Finalmente, en relación con el derecho al retorno y al restablecimiento, el mínimo al cual están obligadas las autoridades consiste en (i) no aplicar medidas de coerción para forzar a las personas a que vuelvan a su lugar de origen o a que se restablezcan en otro sitio, (ii) no impedir que las personas desplazadas retornen a su lugar de residencia habitual o se restablezcan en otro punto; (iii) proveer la información necesaria sobre las condiciones de seguridad existentes en el lugar de retorno, así como el compromiso en materia de seguridad y asistencia socioeconómica que el Estado asumirá para garantizar un retorno seguro y en condiciones dignas; (iv) abstenerse de promover el retorno o el restablecimiento cuando tal decisión implique exponer a los desplazados a un riesgo para su vida o integridad personal, y (v) proveer el apoyo necesario para que el retorno se efectúe en condiciones de seguridad y los que regresen puedan generar ingresos para subsistir autónomamente.

La Corte fija un plazo de dos meses al Consejo nacional de atención integral de la población desplazada para definir el nivel de recursos que efectivamente se destinarán a cumplir las obligaciones asumidas por el Estado, sin que los derechos mínimos anteriormente mencionados puedan dejar de ser protegidos de manera oportuna y eficaz. En caso de que sea necesario redefinir prioridades y modificar algunos aspectos de la política estatal para cumplir esta orden, se concederá al mismo consejo un plazo de un año para este efecto, durante el cual en todo caso se habrán de respetar los mínimos señalados.

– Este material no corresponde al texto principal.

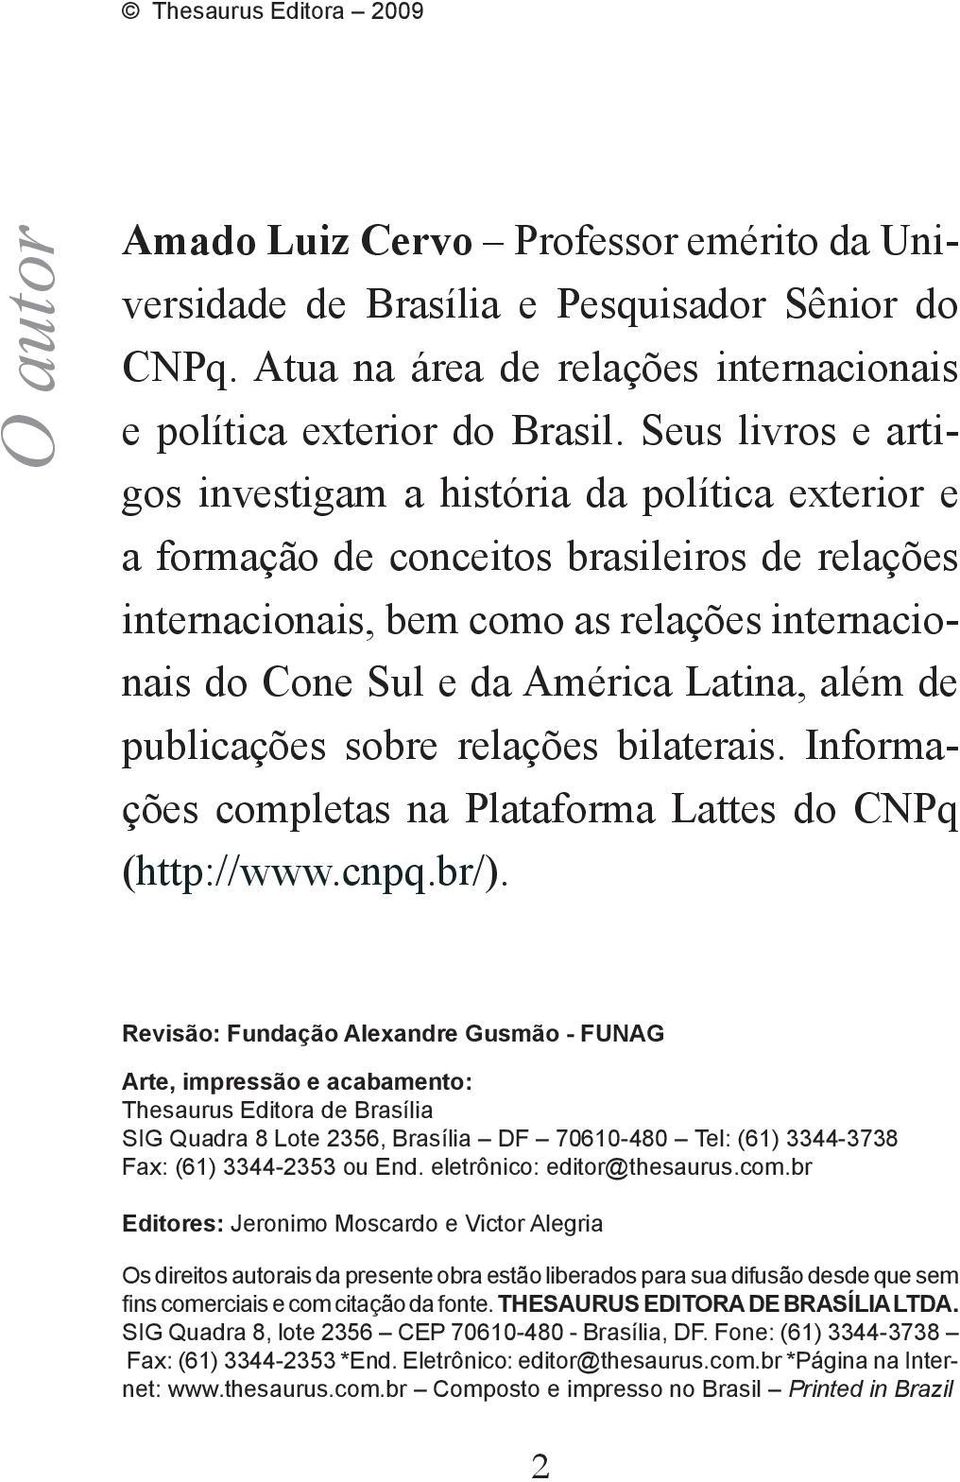 além de publicações sobre relações bilaterais. Informações completas na Plataforma Lattes do CNPq (http://www.cnpq.br/).

Con el fin de que garanticen los derechos de los tutelantes también ordenará que se dé respuesta de fondo, completa y oportuna a las peticiones de ayuda que originaron la presente demanda, siguiendo los lineamientos señalados por la jurisprudencia de la Corte.

Enseguida, la Sala Tercera de Revisión se pronunció en relación con las órdenes a que había lugar en razón de la declaratoria de estado de cosas inconstitucional y en relación con las solicitudes planteadas en cada uno de los expedientes sometidos a revisión. Lo hizo de la siguiente manera:

Esta corporación ha emitido dos tipos de órdenes, dependiendo de la magnitud del problema que genera la vulneración de los derechos objeto de tutela. Ha proferido órdenes de ejecución simple, generalmente referidas a órdenes de abstención o de acción que pueden ser efectuadas por una autoridad sin el concurso de otras. También ha dictado órdenes complejas, que exigen procesos de ejecución compleja, involucran a varias autoridades y requieren acciones coordinadas.

En el caso presente, la Sala Tercera de Revisión dará dos tipos de órdenes. Unas órdenes de ejecución compleja, relacionadas con el estado de cosas inconstitucional y dirigidas a garantizar los derechos de toda la población desplazada, independientemente de que hayan o no acudido a la acción de tutela para la protección de sus derechos. Tales órdenes tienen como finalidad que las entidades encargadas de atender a la población desplazada establezcan, en un plazo prudencial, y dentro de la órbita de sus competencias, los correctivos que sean necesarios para superar los problemas de insuficiencia de recursos destinados y de precariedad de la capacidad institucional para implementar la política estatal de atención a la población desplazada.

Las órdenes de carácter simple que también se dictarán en este proceso están dirigidas a responder las peticiones concretas de los actores en la presente acción de tutela, y resultan compatibles con la línea jurisprudencial de la Corte Constitucional para la protección de los derechos de la población en situación de desplazamiento.

10.1. Órdenes para la superación del estado de cosas inconstitucional.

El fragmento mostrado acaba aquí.